Tourism was also driving more development and the city was growing. And so preservationists pushed for the city to pass an ordinance in 1957 that further refined Santa Fe’s stylistic rules. The ordinance created a large historic district in the center of the city. Any changes to a building in the district had to be approved by a design board.
The district impacted by these new design rules included some of Santa Fe’s oldest neighborhoods. They were full of Hispanic families, some of them living in adobe houses that had been built by their ancestors.
Through the next couple decades, Santa Fe’s popularity continued to expand. In the 1970s, an oil boom in Texas sent waves of new-minted tycoons to Santa Fe, where they began buying up homes in the city’s historic districts. Then, in the 1980s, international travelers started to visit as well. The city of around 50,000 residents started getting over a million visitors a year. And some of them also started buying up old historic homes, driving gentrification.
In Santa Fe, what started out as a vernacular grown out of traditional techniques and the use of materials on hand had evolved into an aesthetic of the elites, something carefully replicated for show. The popularity of this look also led the city to extend the historic districts and to implement further restrictions. They placed limits on the height of buildings. Commercial districts were encouraged to adopt the adobe look and so Santa Fe began to have fake adobe IHOPs and other franchises. A wave of brown stucco washed over the city.
Of course, for long-time residents of the region, ever-higher costs of living became challenging. The style itself may not have been directly to blame, but impacts on affordable housing (including higher land prices) grew out of its popularity. Traditional solutions like increased density or building taller have met resistance from people who lament changes to the city’s traditional character.
In some ways, Santa Fe became a victim of its own success. Early preservationists set out a vision for protecting Santa Fe’s historic look and successfully fostered a tourism industry that is still the foundation of the city’s economy. But the popularity of Santa Fe also helped to widen serious inequalities. Many people working in industries supported by local tourism have been priced out of town. Meanwhile, many expensive homes in town go largely unused, sitting as seasonal residences for cosmopolitan travelers.
Some people have started to take a more holistic view of preservation in light of these side effects, looking at not only maintaining the aesthetics of Santa Fe, but also the community itself.
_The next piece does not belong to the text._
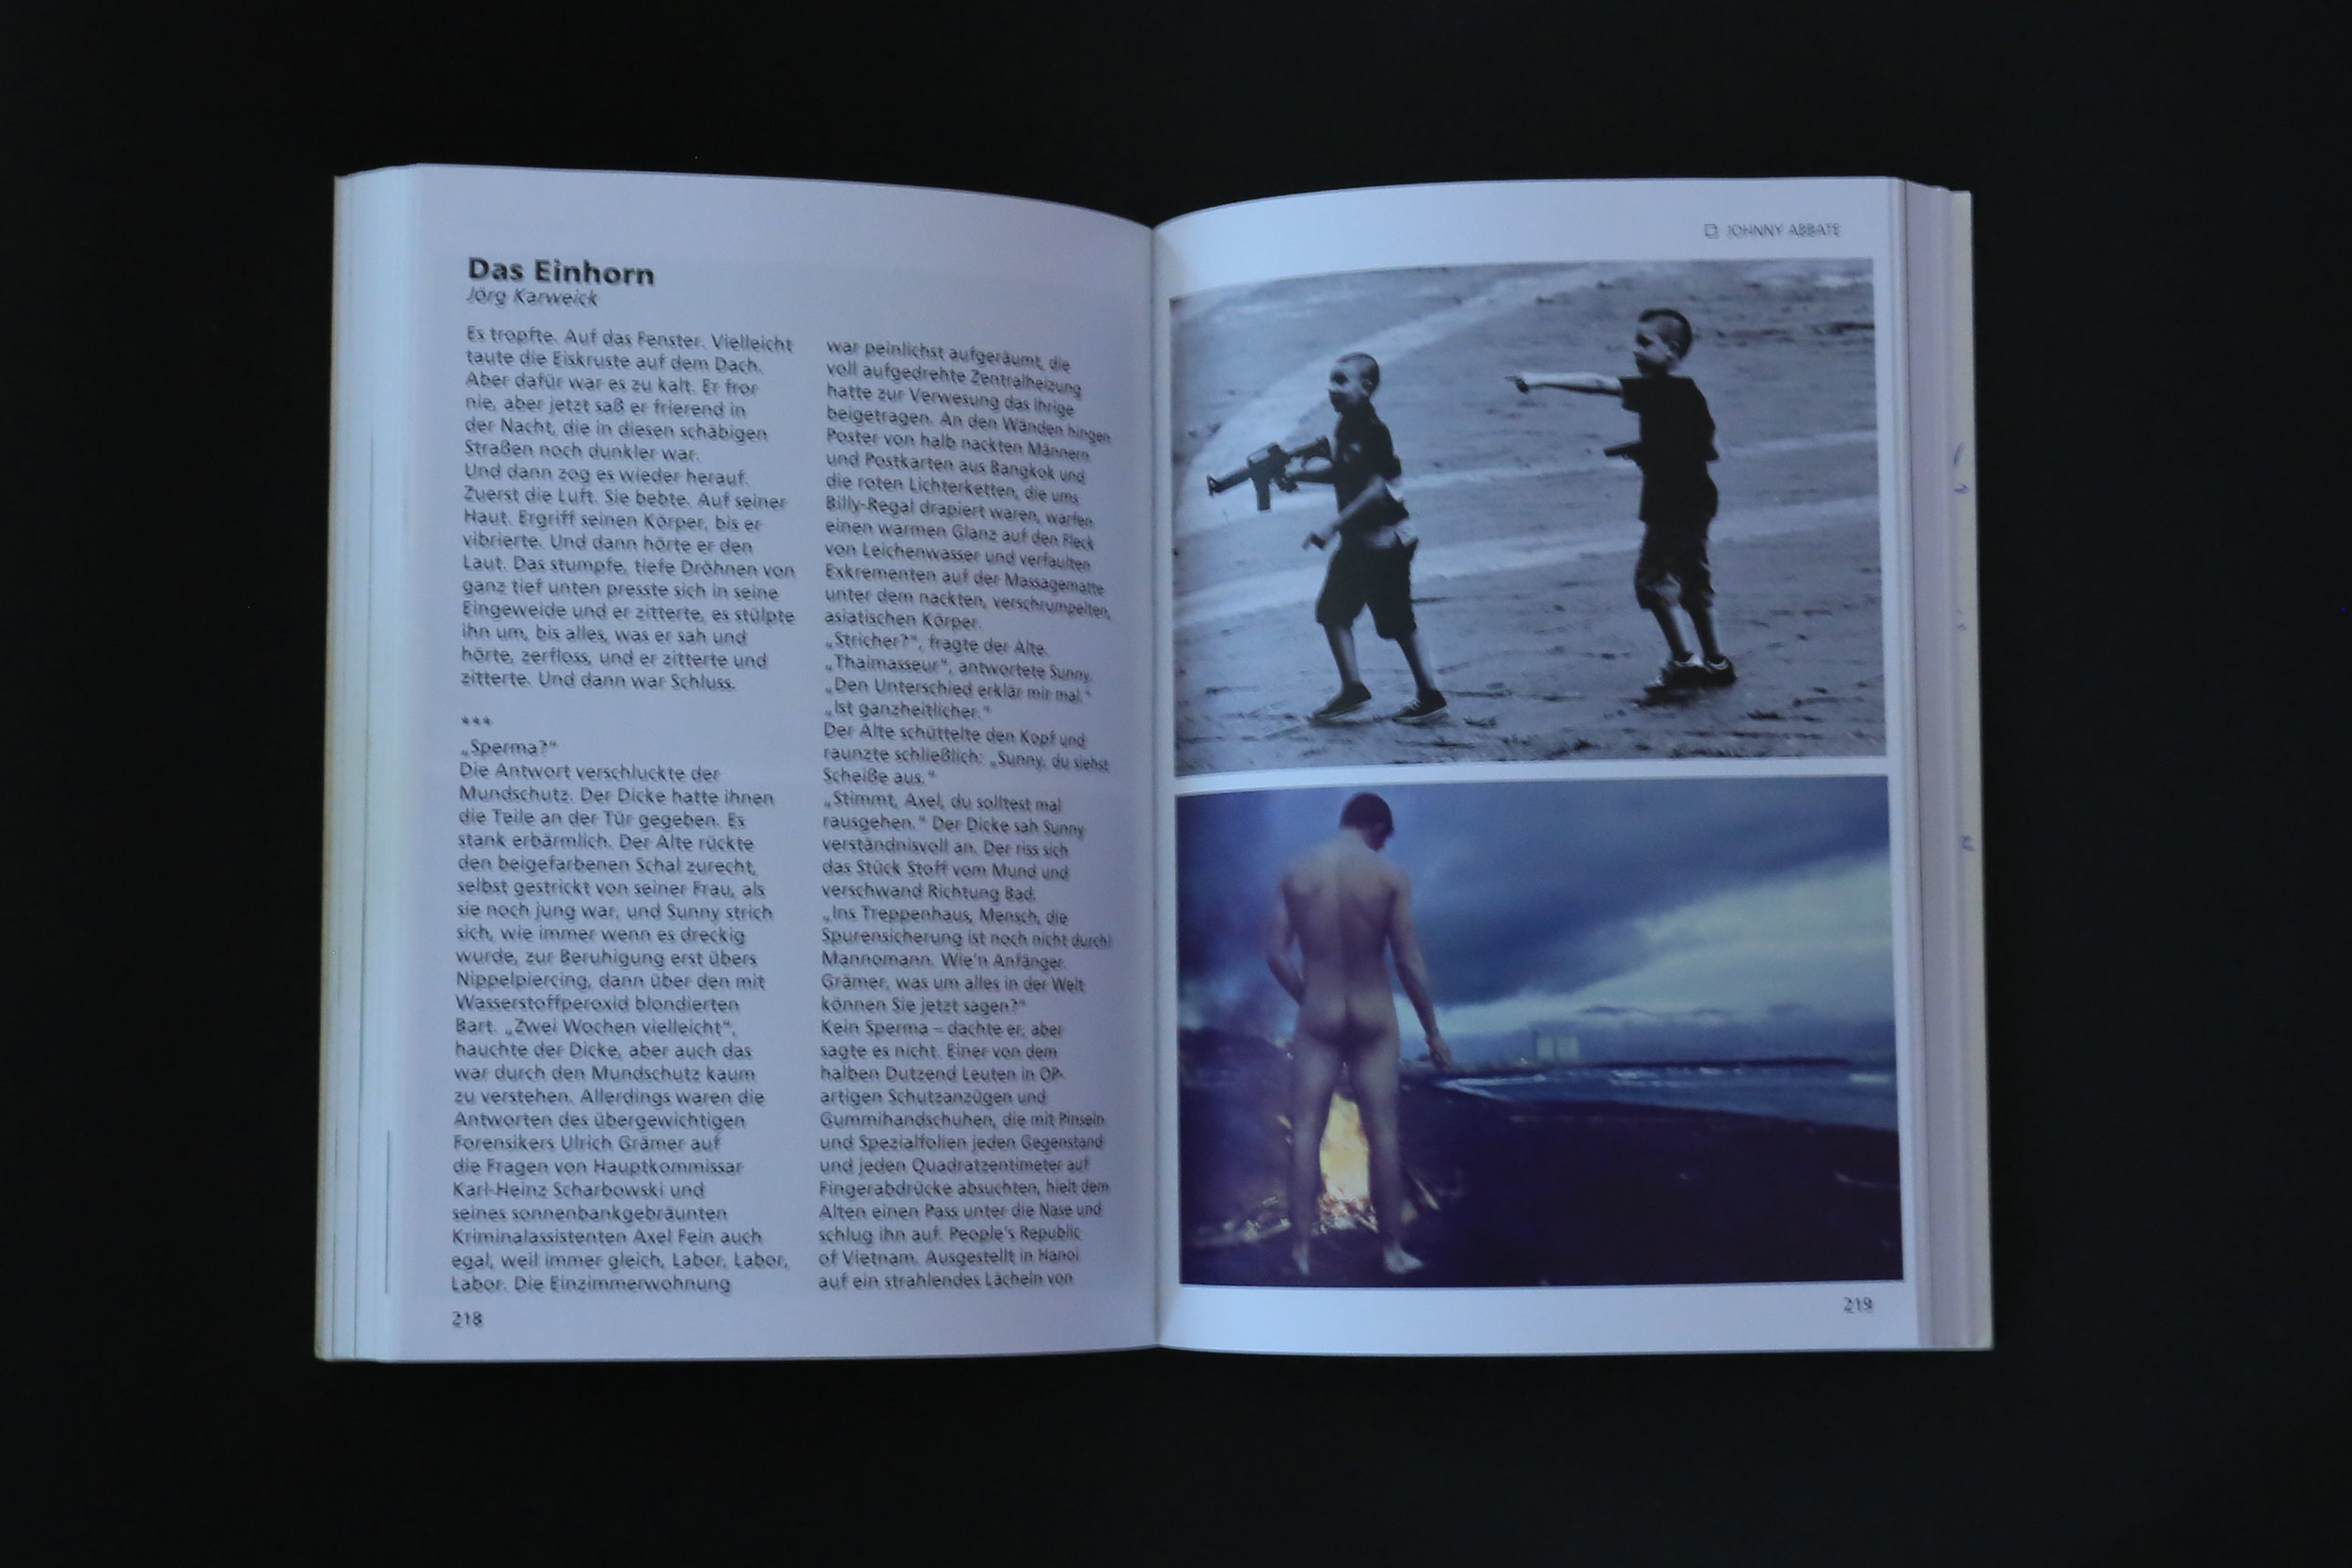 Mein Schwules Auge 8    Edited by Rinaldo Hopf and Axel Schock.    Konkursbuch Verlag Claudia Gehrke, Berlin, 2011    pp 215-221 Deutsch.   https://www.amazon.de/Mein-schwules-Auge-schwule-Jahrbuch/dp/3887693981

In recent months, the city’s Historic Preservation Division has been working on a study to quantify the changes that have happened in the city’s historic districts over the past few decades. They’ve found that between 1980 and 2018, even as the population of Santa Fe grew, its historic districts emptied out. Many longtime residents left their homes or converted them into rentals. Those people who remain are generally whiter, wealthier, and older.
On the flip side, some argue that any efforts to roll back this tide would be too little, too late — much of the Hispanic population has already left the historic neighborhoods and gentrification has already taken its toll. So, for some preservationists, the only thing that can still be saved is the historic built environment of Santa Fe.
Some affordable housing advocates say there are other historic models that could offer a guide, if the city wants to root its building practices in history. Traditional pueblo architecture, for example, is more dense than Santa Fe’s neighborhoods tend to be.
Early preservationists tried to freeze the city in a moment in time, and on some level, they succeeded. But in holding so tight to the aesthetics of one period, the city actually lost a lot of the people and cultures that used to make Santa Fe what it was.